On devices running Supervisor v13.1.0 or newer, the Supervisor creates lockfiles as the nobody user, with UID 65534.

Location of the lockfile

On devices running Supervisor v7.22.0 and higher, the lockfile is located at /tmp/balena/updates.lock. This lock is cleared automatically when the device reboots, so the user app must take it every time it starts up.

On older devices (with v4.0.0 <= Supervisor version < v7.22.0), the lock is located at /tmp/resin/resin-updates.lock. The latest Supervisor versions still take the lock at this legacy path for backwards compatibility.

Legacy Supervisors (< v4.0.0) have the lock at /data/resin-updates.lock. This lock is only supported on devices running balenaOS 1.X. This old lock has the problem that the Supervisor has to clear whenever it starts up to avoid deadlocks. If the user app has taken the lock before the Supervisor starts up, the lock will be cleared and the app can operate under the false assumption that updates are locked (see issue #20). We therefore strongly recommend switching to the new lock location as soon as possible.

Creating the lockfile

There are many different tools and libraries to provide proper lockfile functionality and a few common examples are shown below.

Note: Just creating the lockfile, for example by using touch /tmp/balena/updates.lock, is not adequate to prevent updates.

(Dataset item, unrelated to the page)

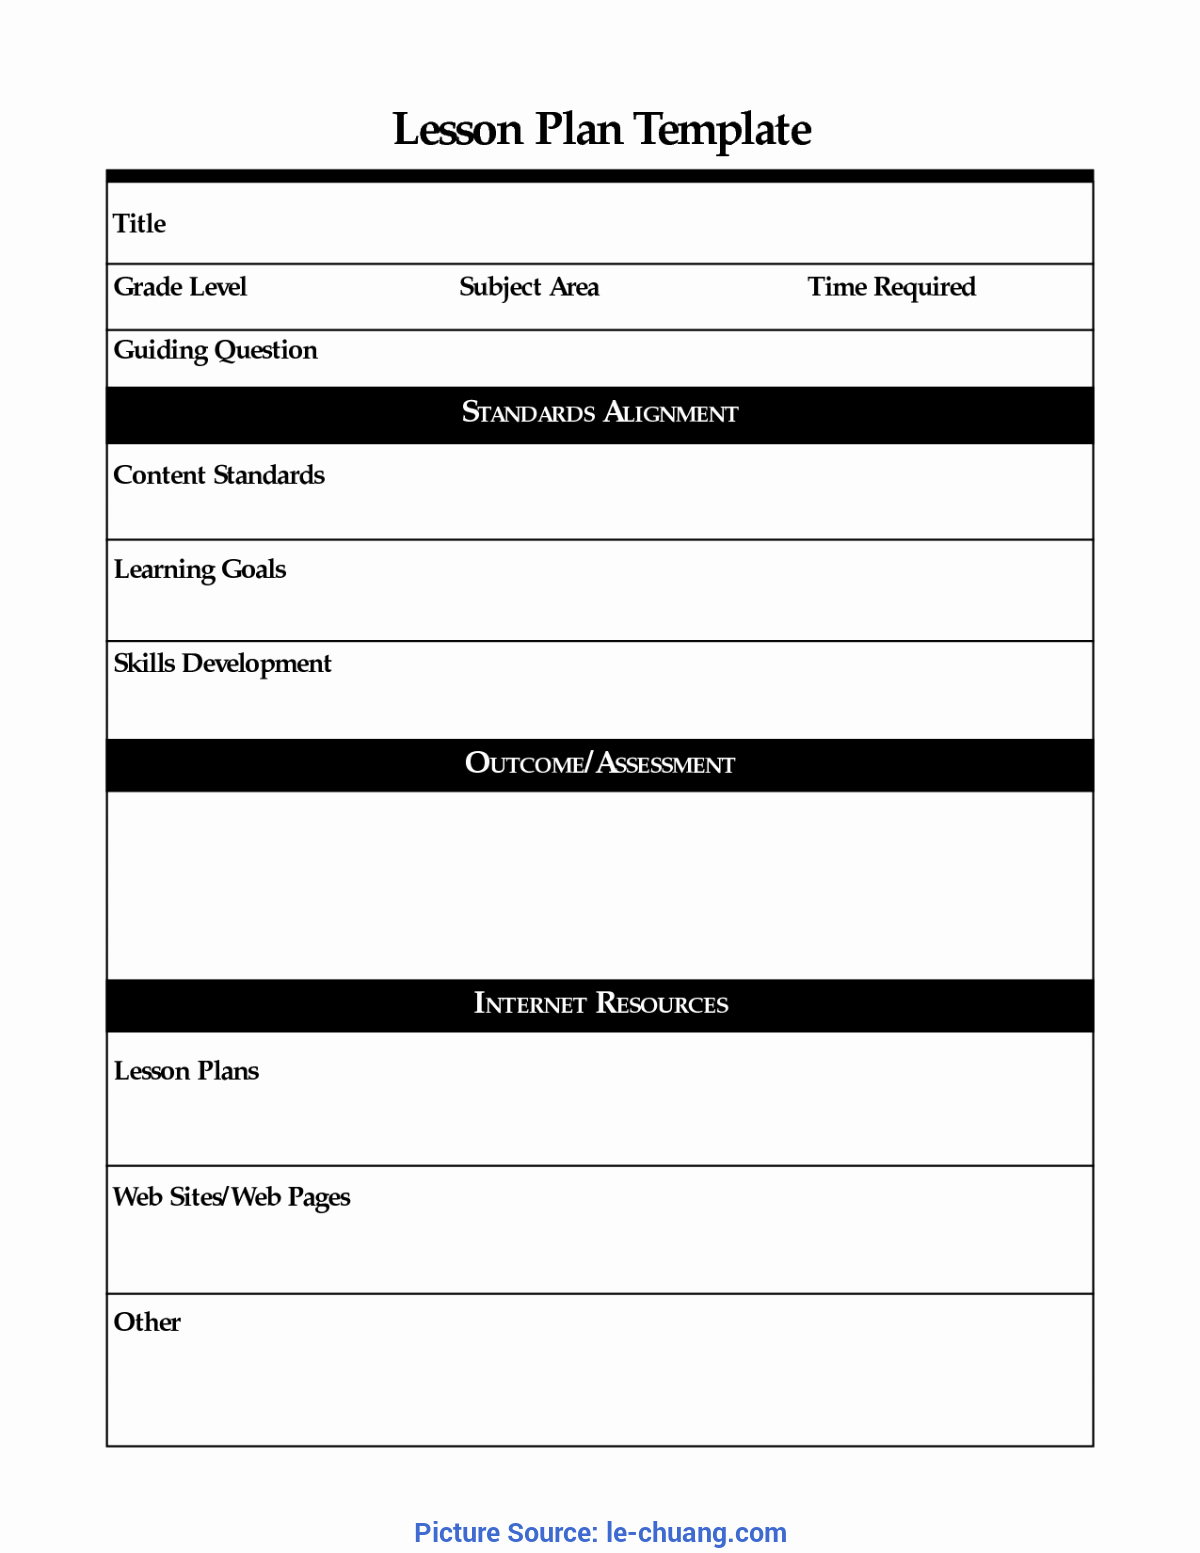 Wida Lesson Plan Template Awesome Briliant Traditional Lesson Plan Sample A Detailed Lesson

A file created in this way won't have the exclusive access flag set, and thus does not provide reliable locking.


One simple way to create a lockfile is using lockfile (available for example in Debian from the procmail package):

lockfile /tmp/balena/updates.lock
# ... (do things)
rm -f /tmp/balena/updates.lock

Another tool is flock (available for example in Debian from the linux-utils package):

flock /tmp/balena/updates.lock -c '... (command to run while locked)'

For more examples and explanation of the functionality, check the links to the specific tools above.


Using the lockfile library, the lock can be acquired like in this example:

import lockFile from 'lockfile';

lockFile.lock('/tmp/balena/updates.lock', function(err) {
    // A non-null err probably means the Supervisor is about to kill us
    if (err != null) { throw new Error('Could not acquire lock: ', err); }

    // Here we have the lock, so we can do critical stuff:

    // Now we release the lock, and we can be killed again
    return lockFile.unlock('/tmp/balena/updates.lock', function(err) {
        // If err is not null here, something went really wrong
        if (err != null) { throw err; }


In Python you can use the lockfile library

from lockfile import LockFile
lock = LockFile("/tmp/balena/updates")
with lock:
    print lock.path, 'is locked.'

Check the link for more examples and other Python libraries that provide locking.

Overriding the lock

The update lock can be overridden in case you need to force an update, for instance, if your app has hung in a critical section.

The recommended way to do this is to use the 'Override the update lock ...' toggle in the Fleet or Device Configuration page. Go to the configuration page of the device or fleet, locate the 'Override the update lock ...' item from the list, click the activate button, and set the toggle to enabled. After disabling the toggle, update locks may be set again and will be respected.

Also, you can programatically override locks one time by querying the /v1/update endpoint of the Supervisor HTTP API, with { "force": true } as body. Note that this will not set the lock override config var.

Please note that setting the override is a one-time action. Locks set previously are deleted upon setting the config var, and will need to be recreated.